Figure 4.

Effects of miR-506 induction and inhibition in Caco-2 cell line. (a) Relative expression levels of sphingosine-kinase-1(SPHK1), DNA-methyltransferase-1(DNMT1), anion exchange protein 2 (AE2), and inositol-1,4,5-trisphosphate-receptor (InsP3R3) mRNA after induction of miR-506 by 48-h transfection with mirVana miR506 Mimic (grey bars: cells transfected with miR-506 Mimic; black bars: control non-transfected cells). (b) Inhibition of miR-506 by 48-h transfection of Caco-2 cells with mirVana miR506 Inhibitor led to significant upregulation of SPHK1, DNMT1, AE2 and InsP3R3 mRNA levels. (grey bars: cells transfected with miR-506 inhibitor; black bars: control non-transfected cells). (c) Lipopolysaccharide (LPS)-induced inflammatory response reduced miR-506 expression and enhanced SPHK1, DNMT1, AE2 and InsP3R3 expressions. (d) The effect of glycochenodeoxycholic acid (GCDCA) on miR-506 expression in Caco-2 cells.
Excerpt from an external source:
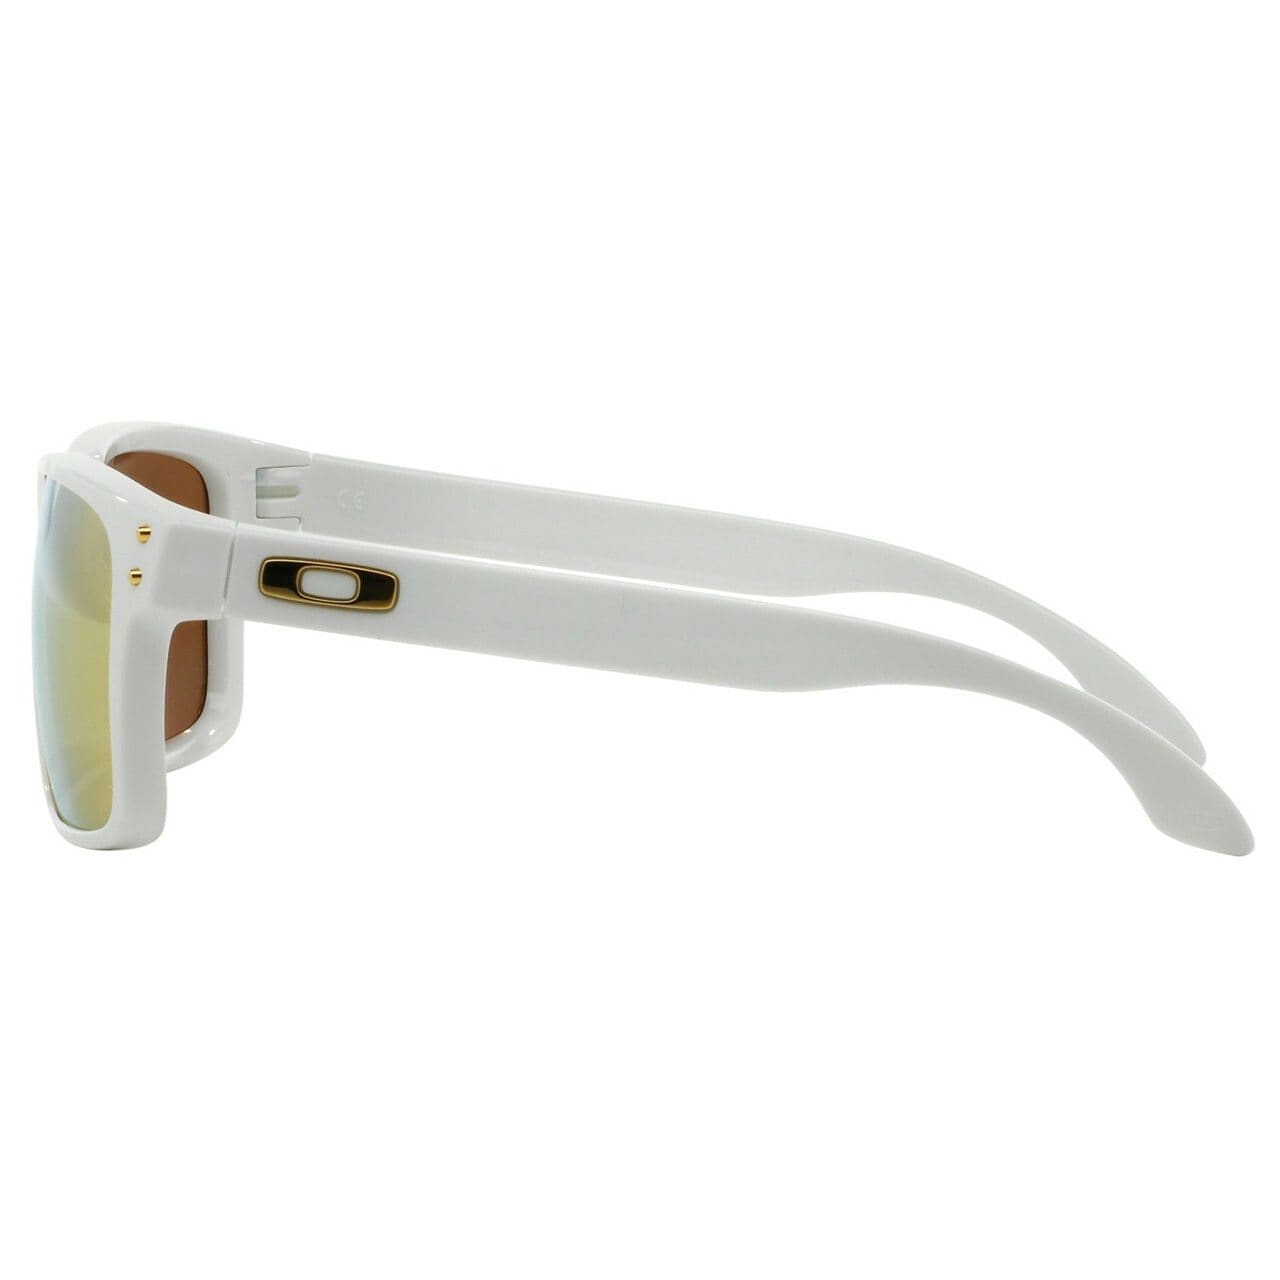 Oakley Holbrook OO9244-14 Polished White Frame 24k Iridium Lens Sunglasses - Asia Fit

Dots illustrate each experiment (n = 3–4) and lines the mean plus interquartile range (IQR).The dotted line represents control values. (e) GCDCA-induced miR-506 expression suppressed levels of AE2, InsP3R3 and p53 mRNAs both after 8-and 24-h exposure to GCDCA (200 µM). Each experiment was repeated three or four times with similar results. Relative data normalized to endogenous reference genes (miRNA-191 or 18S rRNA) are presented as the mean ± standard error (SE). Statistics: one-way ANOVA followed by Fisher’s PLSD test within the groups *indicates p-value < 0.05 vs. non-treated controls.